I could write a Dartmouth or Seton Hall dissertation on potato chips.





S'MAC


----------



## Mr. H.

Two for $2.50 at Walgreen's. 

Tikka Masala (Indian) and some kind of Chinese food shit. 

The Indian flavor grew on me and I finished the bag. I would buy it again. 

The Chinese shit was... shit.  I threw it out. 

I'm still waiting on anything Chipotle. They won't go there because Lay's is staffed with marketing pussies.


----------



## Moonglow

Mr. H. said:


> Two for $2.50 at Walgreen's.
> 
> Tikka Masala (Indian) and some kind of Chinese food shit.
> 
> The Indian flavor grew on me and I finished the bag. I would buy it again.
> 
> The Chinese shit was... shit.  I threw it out.
> 
> I'm still waiting on anything Chipotle. They won't go there because Lay's is staffed with marketing pussies.


The Chipotle flavor for Lays has come and gone, now the popular brand  is Takis..


----------



## Iceweasel

Lays does some interesting ones. They had a cappuccino flavored one a while back. Bought a bag for shits and giggles and loved them. Bought a few more over the weeks but now they are gone.


----------



## Skull Pilot

Cape Cod Salt and Vinegar are my go to.

I like the hot chips too.  Sriracha, etc


----------



## Wyld Kard




----------



## Toro

I refuse to eat anything "gluten free."

fucking liberals.

There's a great bagel place in NYC called Esa Bagel.  The flour they use is "extra-gluten."  It says so on the bags.  I'm not kidding.  So I eat there.


----------



## Toro

Iceweasel said:


> Lays does some interesting ones. They had a cappuccino flavored one a while back. Bought a bag for shits and giggles and loved them. Bought a few more over the weeks but now they are gone.

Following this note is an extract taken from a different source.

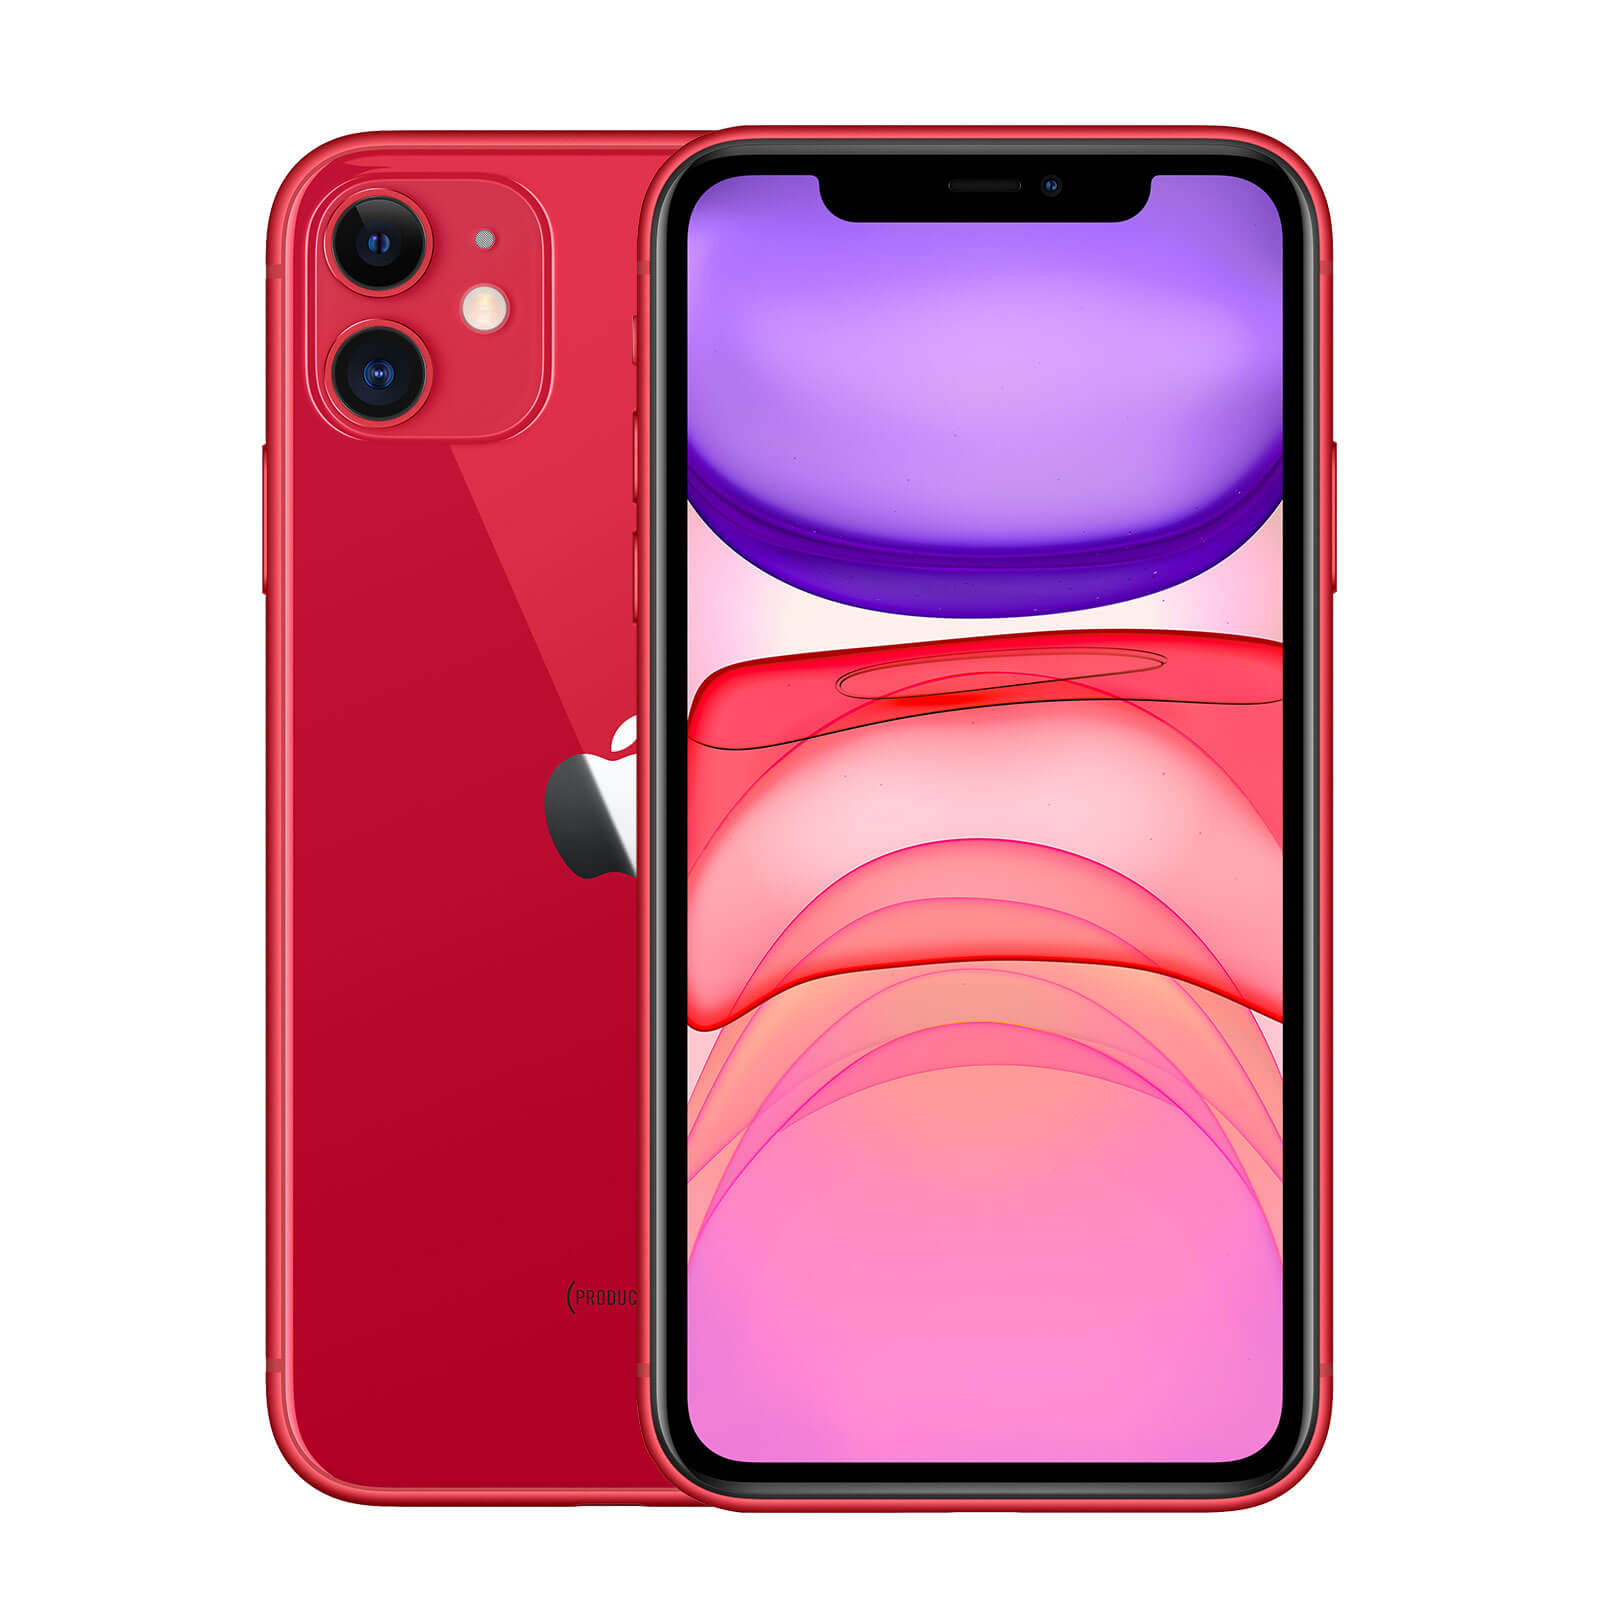 Apple iPhone 11 64GB Product Red Good - T-Mobile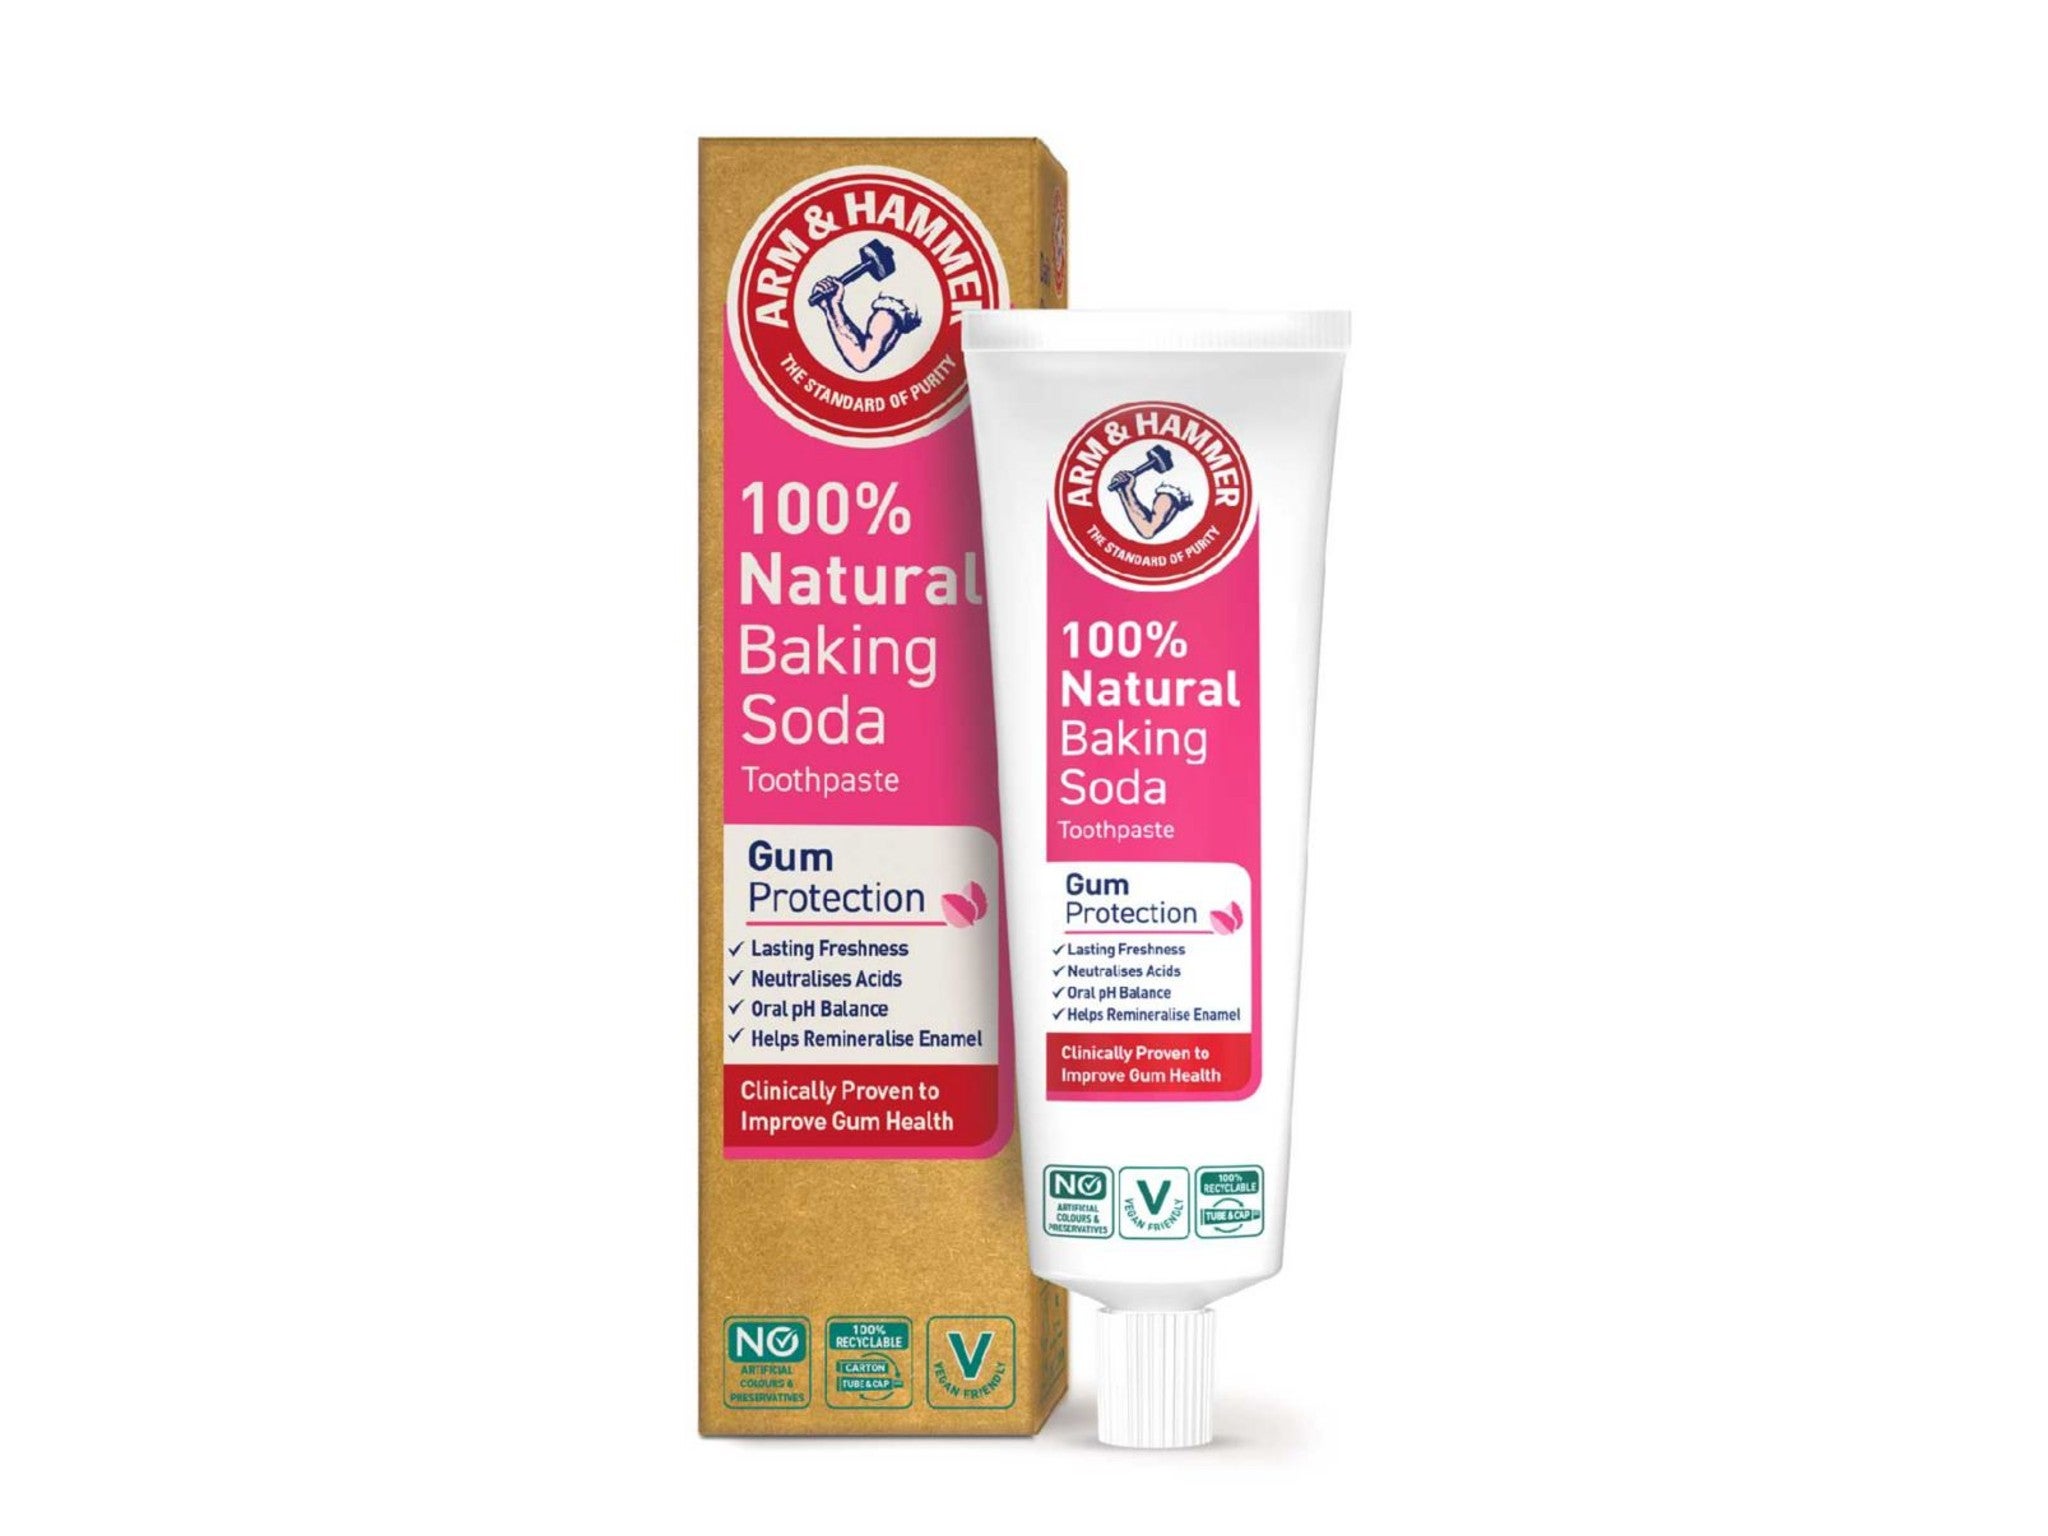 Arm & Hammer 100% natural gum protection toothpaste indybest.jpg

Lays is losing share, so they are adding some really cool flavors.  They have some Indian chicken flavor right now, and a Brazilian Picanha flavor too.


----------



## ChrisL

I like sour cream and onion and barbecue and plain.


----------



## Wyld Kard




----------



## Ringel05

Anyone who likes flavored potato(e) chips is a blasphemous heathen..........


----------



## ChrisL

I like to eat some plain potato chips with my sandwiches.  Chips always make sandwiches better.


----------



## fbj

I tried BBQ pringles for the first time tonight and they taste like barbecue Ass


Won't but them again


----------